Le joueur est loin d’être une exception parmi la Seleção, l’équipe nationale brésilienne. Depuis une dizaine d’années et les t-shirts « I belong to Jesus » de Kaka, les Brésiliens du ballon rond se sont faits les porte-étendards de la nouvelle vague religieuse qui bouleverse le paysage politique et culturel de leur pays.

 

Étrange branche du protestantisme

 

Dans ce qui était jusque-là le premier pays catholique du monde, l’Eglise de Rome est en passe de se faire supplanter par une multitude de structures tenues par les baptistes évangéliques. Dans son livre Jésus, t’aime ! La déferlante évangélique, aux éditions du Cerf, la journaliste française Lamia Oualalou a enquêté sur la montée de cette étrange branche du protestantisme qui est en train de changer radicalement la face du pays.

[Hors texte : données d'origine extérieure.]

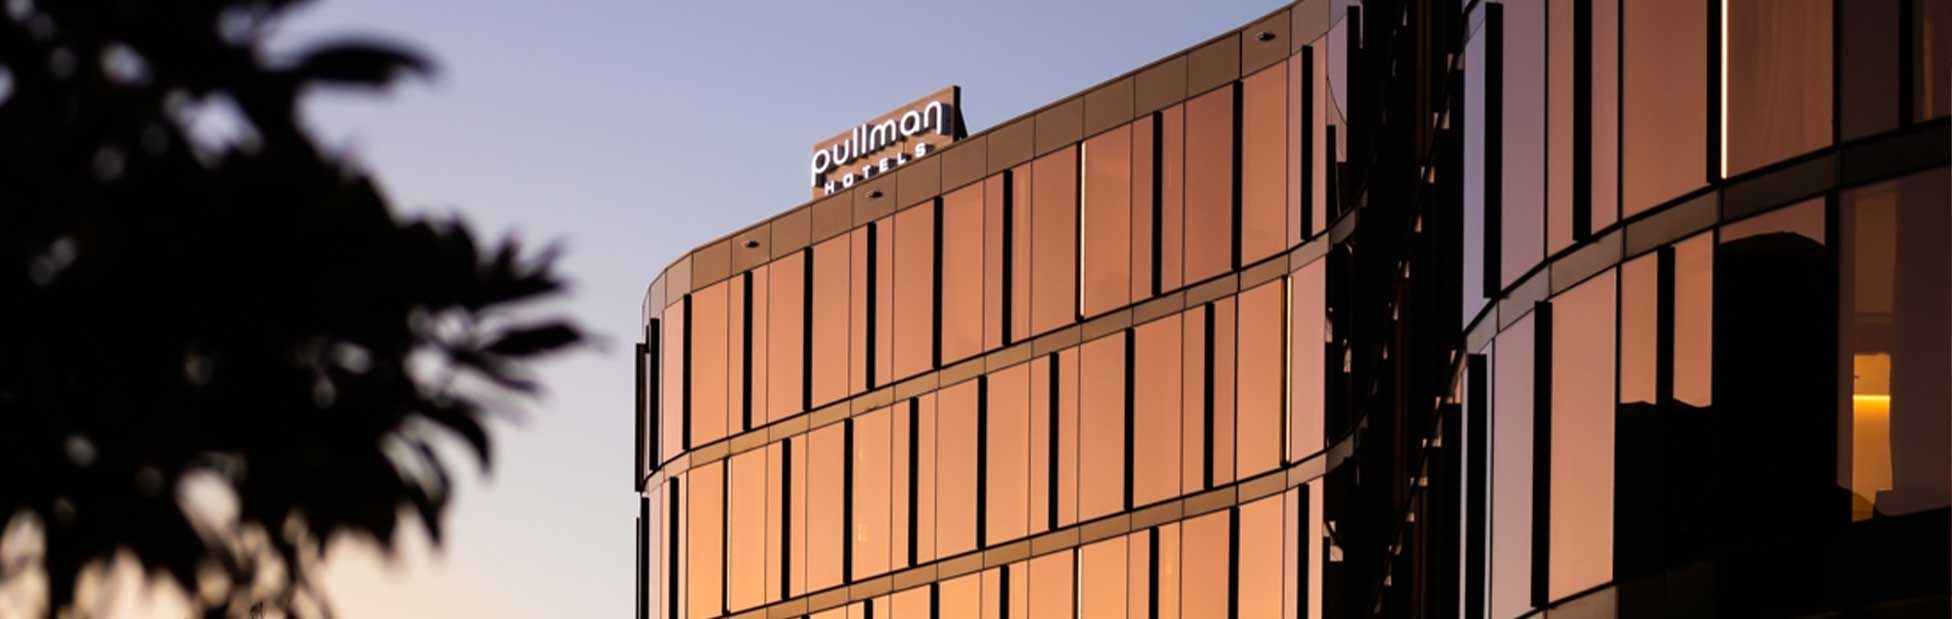 Pullman hotel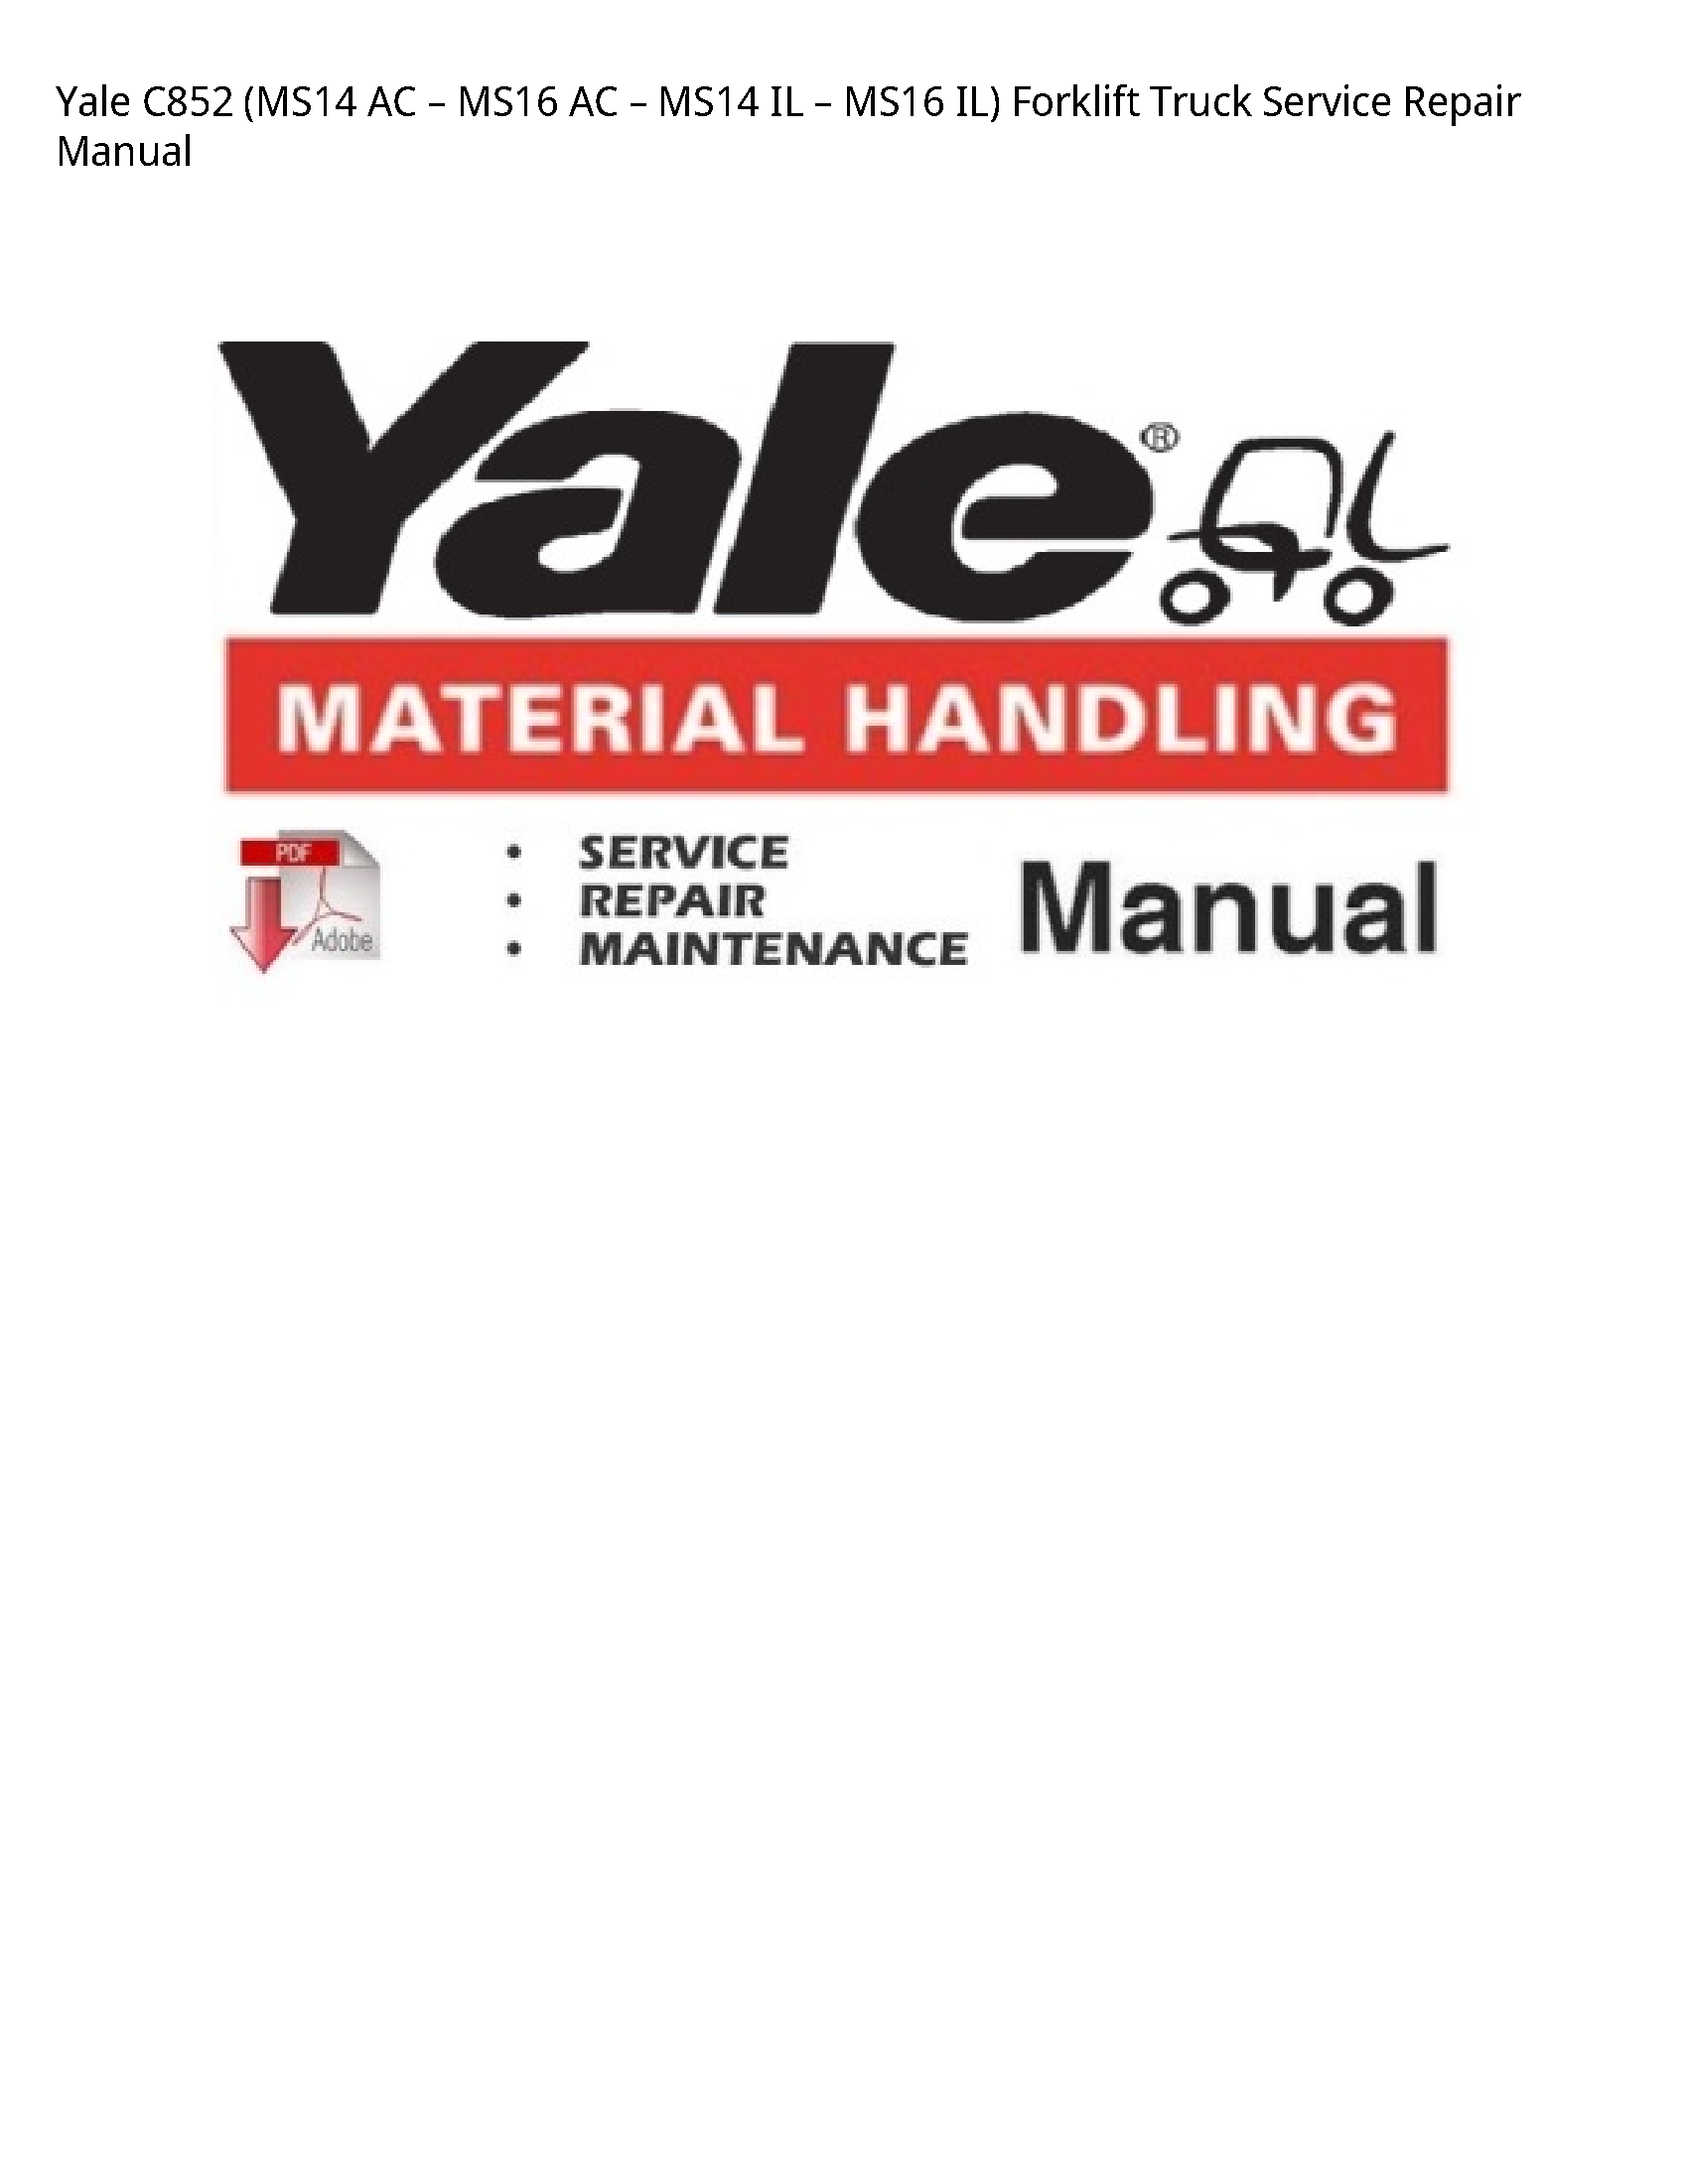 Yale C852 AC AC IL IL) Forklift Truck manual

Les évangéliques brésiliens sont majoritairement issus du pentecôtisme, né aux États-Unis au début du siècle dernier. Dès les années 1950, le Brésil héberge la troisième communauté pentecôtiste au monde. A partir de ce moment, leur nombre explose, passant de 6 % de la population en 1970 à 22 % en 2010. Ils devraient faire jeu égal avec les catholiques d’ici 2030. Leur méthode : occuper le terrain, dans les rues comme dans les médias.

 

Chanter et danser pour éloigner le diable

 

A partir des années 1960, les Eglises se saisissent des canaux de télévision et des fréquences radio pour diffuser leur sainte et rigoriste parole – alcool et carnaval sont prohibés – et se faire connaître de toute la population. Les pentecôtistes entrent ainsi dans les favelas les plus reculées des grandes métropoles. C’est là que l’expansion de l’évangélisme est la plus forte, en périphérie de Rio de Janeiro et de Sao Paulo, où de petits temples voient le jour dans d’anciens garages.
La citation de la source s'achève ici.